How about the Lemo. Airflow isn't too bad on it


----------



## n0ugh7_zw (3/1/15)

i've not had my atlantis spit... but what about a sub tank? thats a very flexible tank.


----------



## Marzuq (3/1/15)

@Riddle does the lemo have replaceable coils? 

The kanger subtank. I didn't not even think of that @n0ugh7_zw i will check that one out


----------



## n0ugh7_zw (3/1/15)

Lemo is rebuildable only


----------



## Bender (3/1/15)

Hey @Marzuq 
You might try the Kangertech Aerotank Mega or the Aspire K1 BVC unit and a 510 adapter.
If he wants a big tank, why not the SUBTANK?


----------



## Ollie (3/1/15)

Sounds like a tough one @Marzuq 

that ipv2s would be complete overkill for any of the regular commercial tanks.

I agree fully with @n0ugh7_zw , why not hook him up with a SubTank ang pop those 1.2ohm coils in... I know there are a few vendors that have them in stock will be open for business on the 5th.

Plus, then you get to test it too i suppose.

Reactions: Agree 1


----------



## Marzuq (3/1/15)

Thanks @Oliver Barry i will definitely be checking out the subtank and 1.2ohm coils. If it fits the profile I will hop onto that one

Reactions: Like 1


----------



## Riddle (3/1/15)

Marzuq said:


> @Riddle does the lemo have replaceable coils?
> 
> The kanger subtank. I didn't not even think of that @n0ugh7_zw i will check that one out



Apologies. I didn't read the post properly. I think the sub tank would be ideal then.


----------



## Dassie (3/1/15)

n0ugh7_zw said:


> i've not had my atlantis spit... but what about a sub tank? thats a very flexible tank.

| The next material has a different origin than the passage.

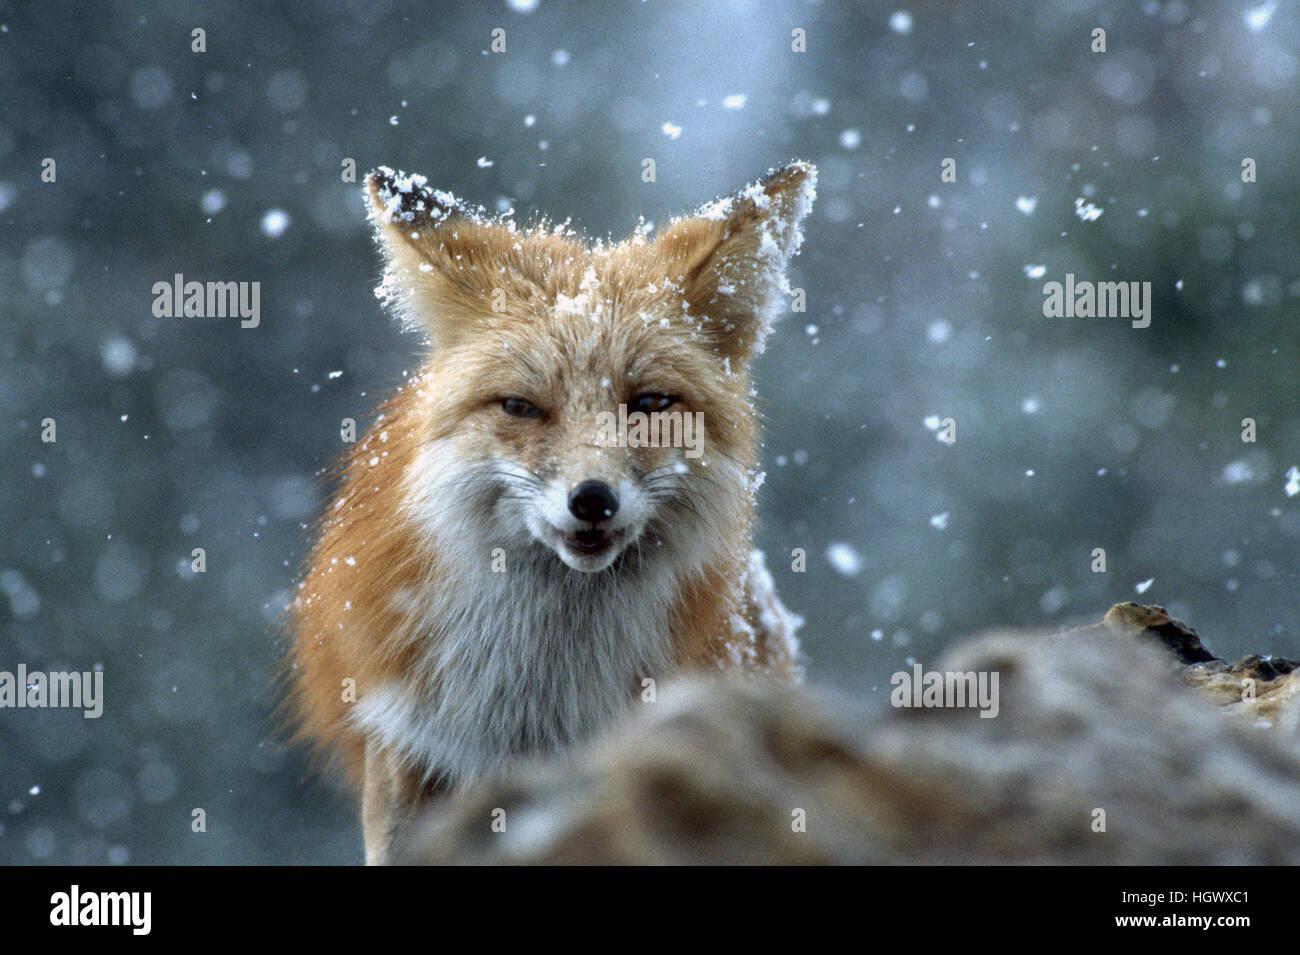 Fuchs mit bedrohlichen Blick Stockbild

Agree about the Atlantis - I do 3-4 tanks a day in mine, and it spits maybe once or twice in that time. Maybe it's just the juice? Might like thicker juice? Don't know.


----------



## Gamma (3/1/15)

Dassie said:


> Agree about the Atlantis - I do 3-4 tanks a day in mine, and it spits maybe once or twice in that time. Maybe it's just the juice? Might like thicker juice? Don't know.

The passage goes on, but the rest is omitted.